Saturday, 4 May 2024

How other countries are tackling high sugar consumption

SINGAPORE – Many countries in the world tax pre-packed drinks that are high in sugar as a way to cut the sugar consumption by their people. These include neighbours in the region such as Brunei and Thailand.

One of the earliest to do so is Finland, which has taxed sugar-sweetened drinks since the 1940s.

The most recent is Britain, which imposed a two-tiered sugar tax in April this year. There is a 33 Singapore cents tax per litre for packaged drinks with more than 5 per cent sugar, and 44 Singapore cents when the sugar content exceeds 8 per cent.

The tax was announced in 2016, leading to more than half the drinks manufacturers reformulating their products to contain less sugar.

Thailand, which launched its tax last year, has four tiers of taxes. There is no tax for drinks which contain less than 6 per cent of sugar.

Generally, the goal of having a sugar tax is to encourage manufacturers to reformulate their drinks so less sugar is used.

A tax, even a low one such as the three-cent tax per litre of drinks with more than 8 per cent sugar in Hungary, can change people’s drinking patterns.

Hungary imposed a health tax in 2011 on a range of unhealthy foods including drinks, ice cream, jams and condiments. Within two years, the sales of taxed food fell by 27 per cent.

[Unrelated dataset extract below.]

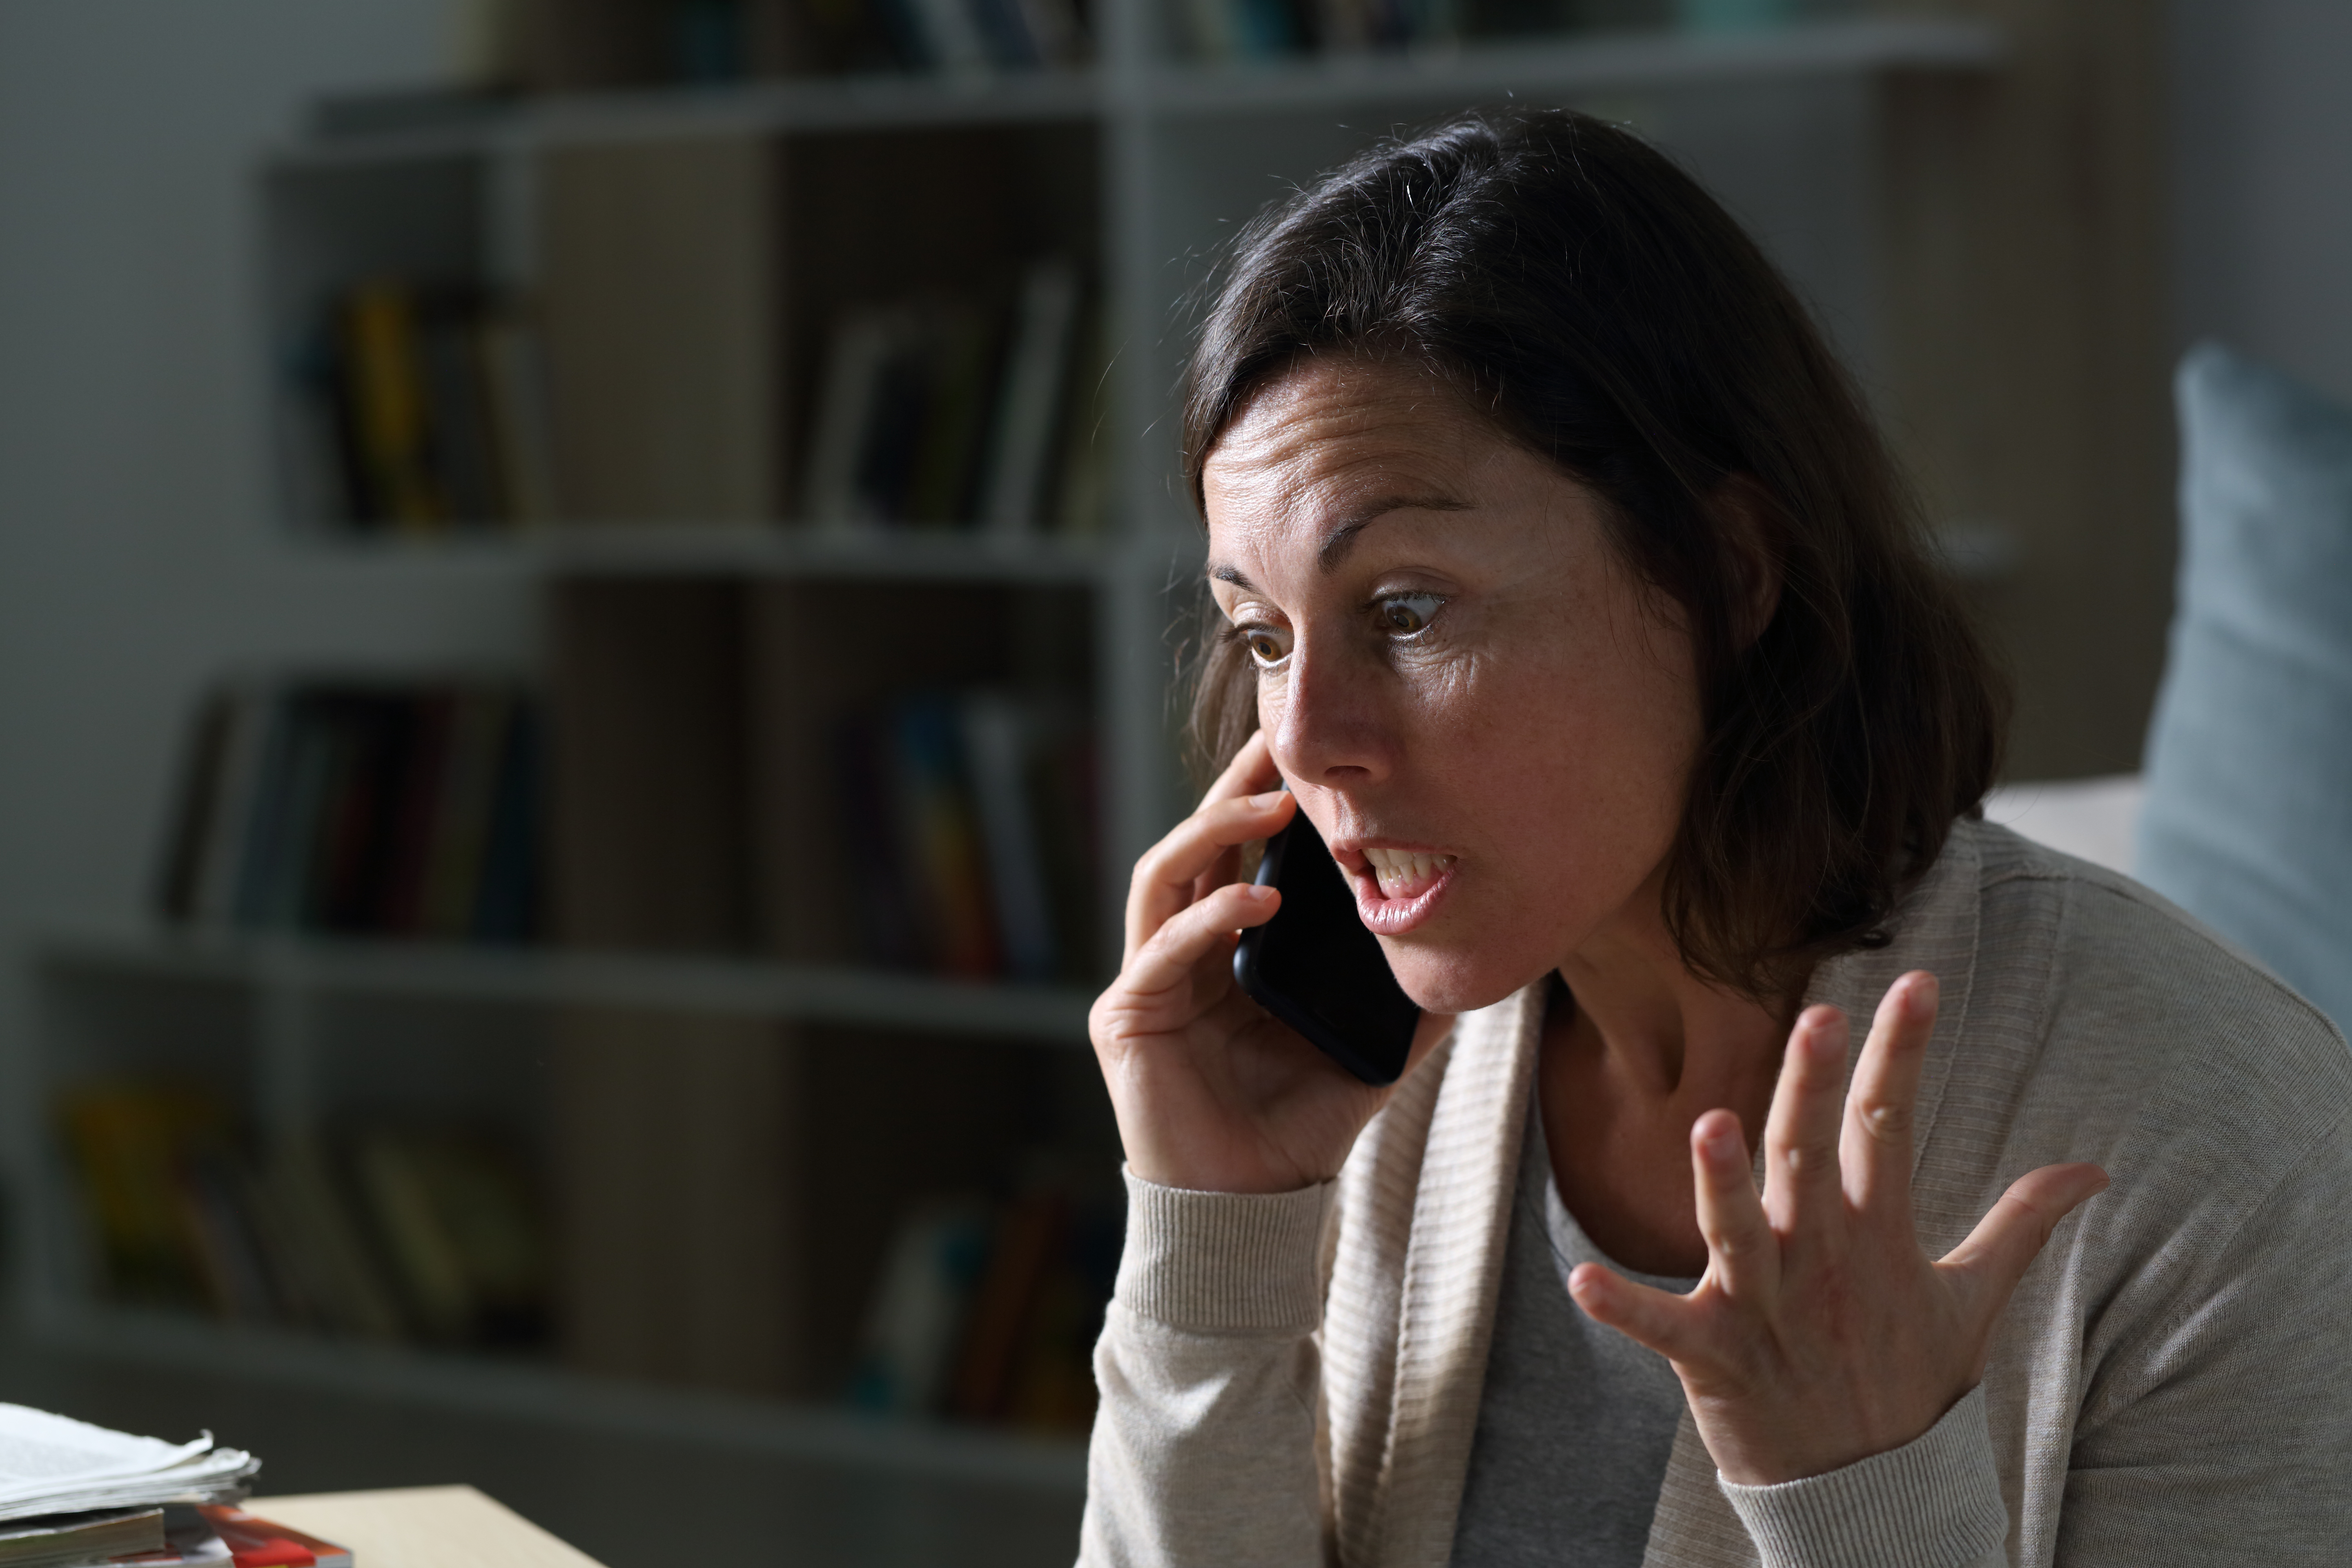 Une femme qui a l'air en colère alors qu'elle est au téléphone | Source : Shutterstock

Professor Eric Finkelstein of Duke-NUS Medical School said taxes that raise prices by 20 per cent tend to have a significant effect on purchases.

Professor Teo Yik Ying, dean of the Saw Swee Hock School of Public Health, said such taxes are aimed not at consumers but to incentivise the industry to reduce the sugar content to avoid the tax.

Other steps countries have taken to reduce sugar intake, and which Singapore is also considering, is to ban or restrict advertisements of unhealthy food and drinks and to get manufacturers to place prominent labels to indicate whether the food is healthy or not.

Some of these labels provide details on the amount of sugar, salt, fat and total calories in the product, while others use stars or traffic light symbols to indicate if the item is healthy, neutral or unhealthy.

Prof Finkelstein said most people ignore labels. But for people who do read them, these labels have a major impact on their purchases.

Prof Teo said the key to getting people to take less sugar is education. If people want healthier versions, manufacturers will provide them, he said.

“Fundamentally, they are driven by profits and consumer choices.”

Professor Rob van Dam, an epidemiologist at the Saw Swee Hock School of Public Health, said restricting advertisements of high-sugar drinks is important as these tend to appeal to children who are “less able to distinguish between factual information and advertisements”.